Registered name	Behavior
`lm`	LLM simulates a plausible result from the tool schema and call
`mcp`	Real execution via MCP tool server (SSE transport)
`rest`	Real HTTP call; path/query/body routing; auth and TLS
`multi`	Routes by namespace across multiple engine instances

`lm` engine

LMToolEngine simulates tool results using an LLM. It is the default engine for recipe development and for tool sets where real infrastructure is not available.

The engine builds a dynamic conversation where prior tool calls from session history serve as few-shot context. There are no hardcoded ICL examples.

[system]    static instruction: simulate a realistic, successful result conforming to output_parameters
[user]      tool spec + historical call 1      ─┐ repeated for each entry
[assistant] result of historical call 1        ─┘ in session history
...
[user]      tool spec + current call to simulate

If tool.output_parameters is present, the LLM is called with response_format: json_schema and the output is validated against the declared schema. If absent, the LLM is called with response_format: json_object and the raw parsed dict is returned.

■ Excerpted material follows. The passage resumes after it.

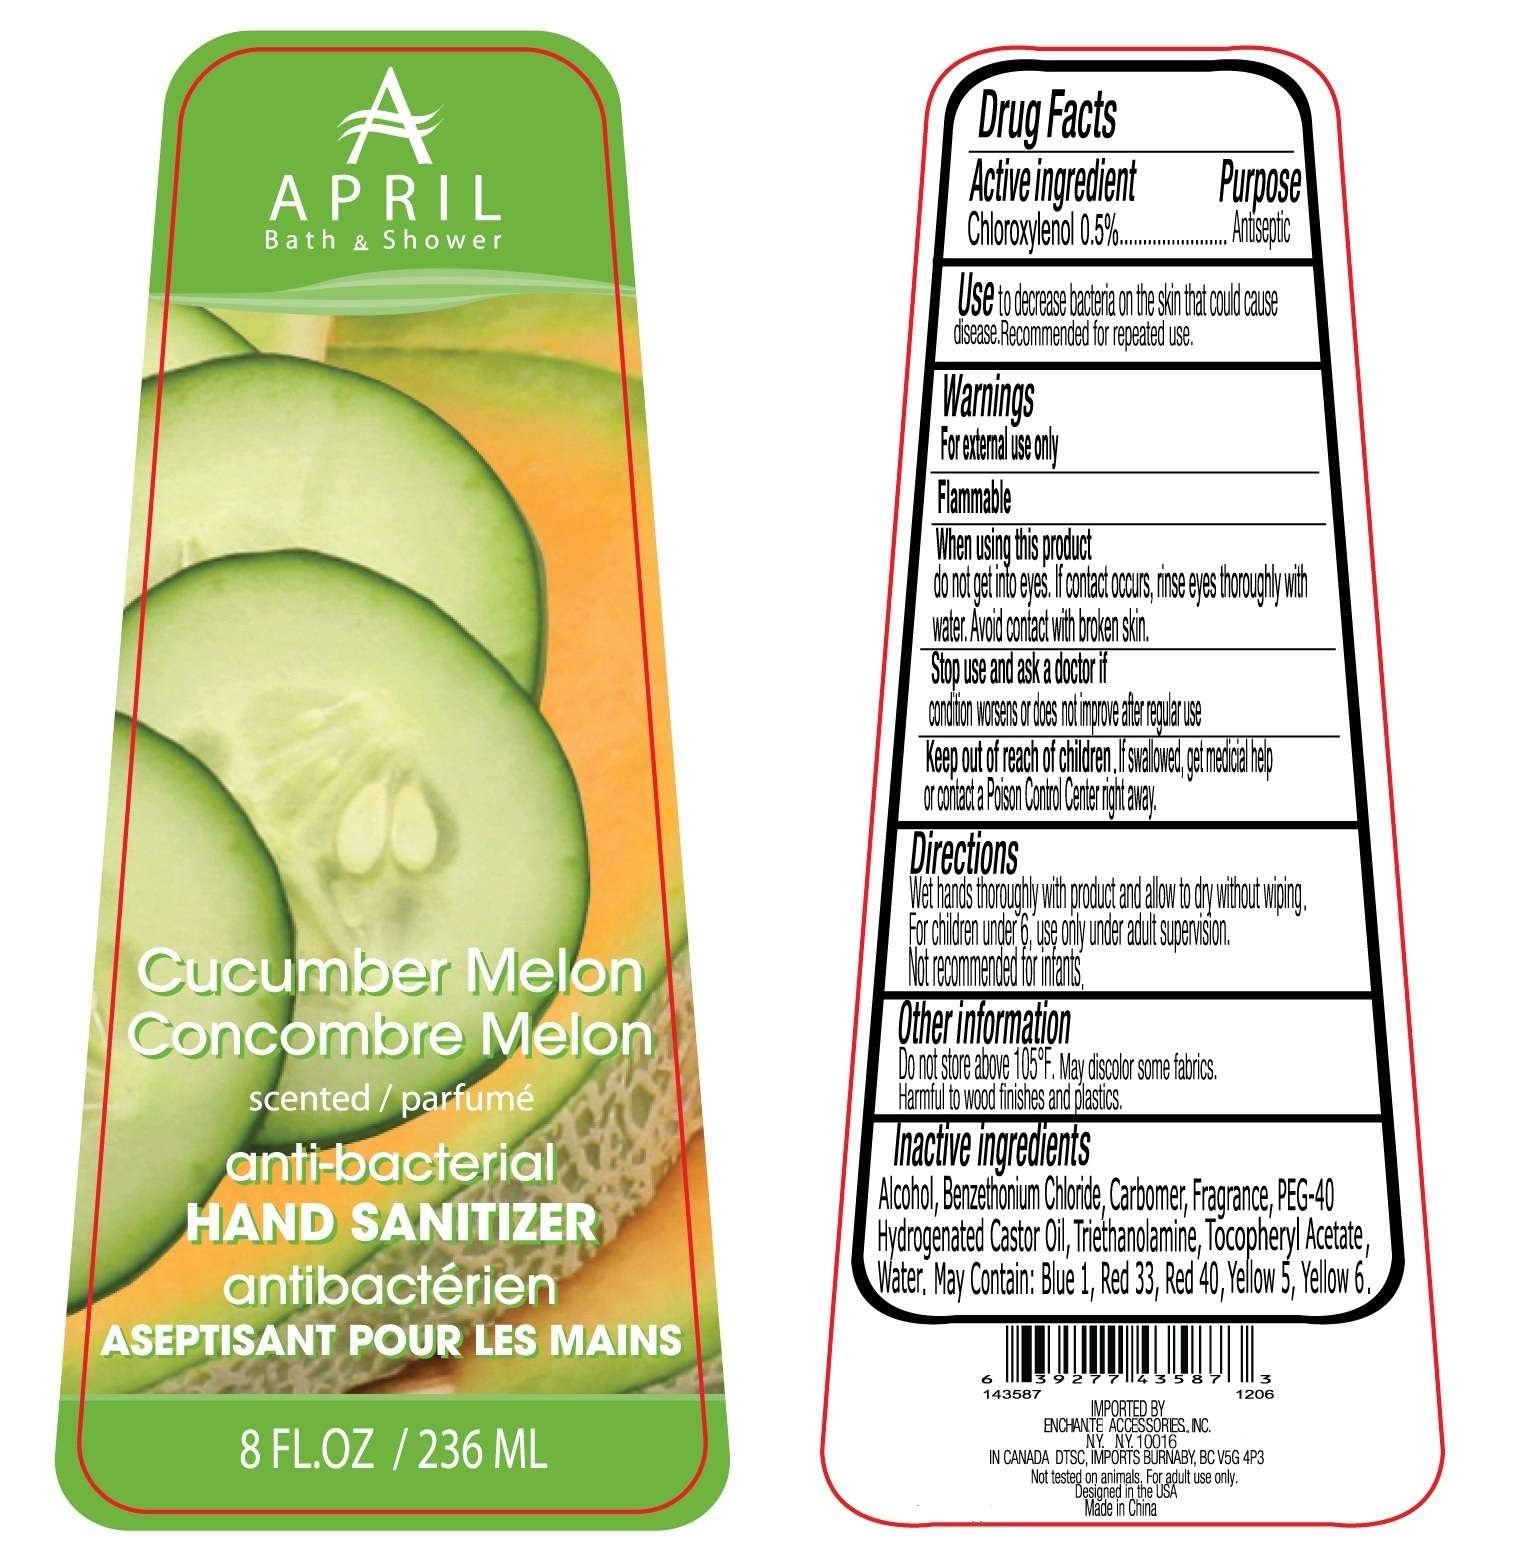 April Bath and Shower Cucumber Melon Scented Hand Sanitizer Anti-Bacterial

Failed results (parse failure, schema violation) are still appended to session history on execute. The assistant must learn to handle tool errors, not just successes.

Error simulation: LMToolEngine supports probabilistic error injection to produce training data diversity. Error categories are declared at the engine level:

engines:
  lm_sim:
    type: lm
    lm_config:
      type: ollama
      model_id_or_path: granite3.3:8b
    error_categories:
      - type: network_error
        probability: 0.05
        message: "Connection timed out"
      - type: unparseable_result
        probability: 0.05
      - type: schema_violation
        probability: 0.05

Error type	Result
`network_error`	`ToolResult(error=message)` immediately; no LLM call
`unparseable_result`	`ToolResult(result="<garbled: ...>")` — malformed but non-empty
`schema_violation`	`ToolResult(error=message)` — treated as a generic error

All categories are sampled independently per call. If multiple fire, one is chosen at random.

`multi` engine

MultiToolEngine holds a dict[namespace -> ToolEngine] and routes by parsing the namespace from ToolCall.name. Since names are always qualified with ::, routing splits on :: and dispatches to the corresponding engine. No conditional logic.

Per-namespace routing is configured by adding an engine: key to individual registry entries and defining matching engine names in tools.engines::

tools:
  registry:
    - type: file
      path: weather_tools.yaml
      namespace: weather_api
      engine: lm_sim          # simulated execution for file-loaded tools
    - type: mcp
      url: http://localhost:8080
      namespace: hr_api
      engine: mcp_live        # real MCP execution for live tools
  engines:
    lm_sim:
      type: lm
      lm_config: {type: ollama, model_id_or_path: granite3.3:8b}
    mcp_live:
      type: mcp
      url: http://localhost:8080

Concurrency note: conversations run concurrently inside the thread pool. For stateless backends (lm, read-only REST), this is safe. For stateful backends (REST APIs that write records, MCP servers with session state), concurrent calls from different conversations can produce race conditions. Recipe authors are responsible for handling this — use a stateless API, add conversation-scoped isolation at the API layer, or set max_concurrent_conversations: 1 on the databuilder.

Runtime usage

Once a Task is initialized, task.tool_engine is ready. The typical pattern in a generation stage:

session_id = str(uuid.uuid4())
task.tool_engine.setup(session_id)

try:
    results = task.tool_engine.execute(session_id, tool_calls)  # list[ToolResult]
finally:
    task.tool_engine.teardown(session_id)

teardown is safe to call on an already-removed session, so the finally block is always safe to include.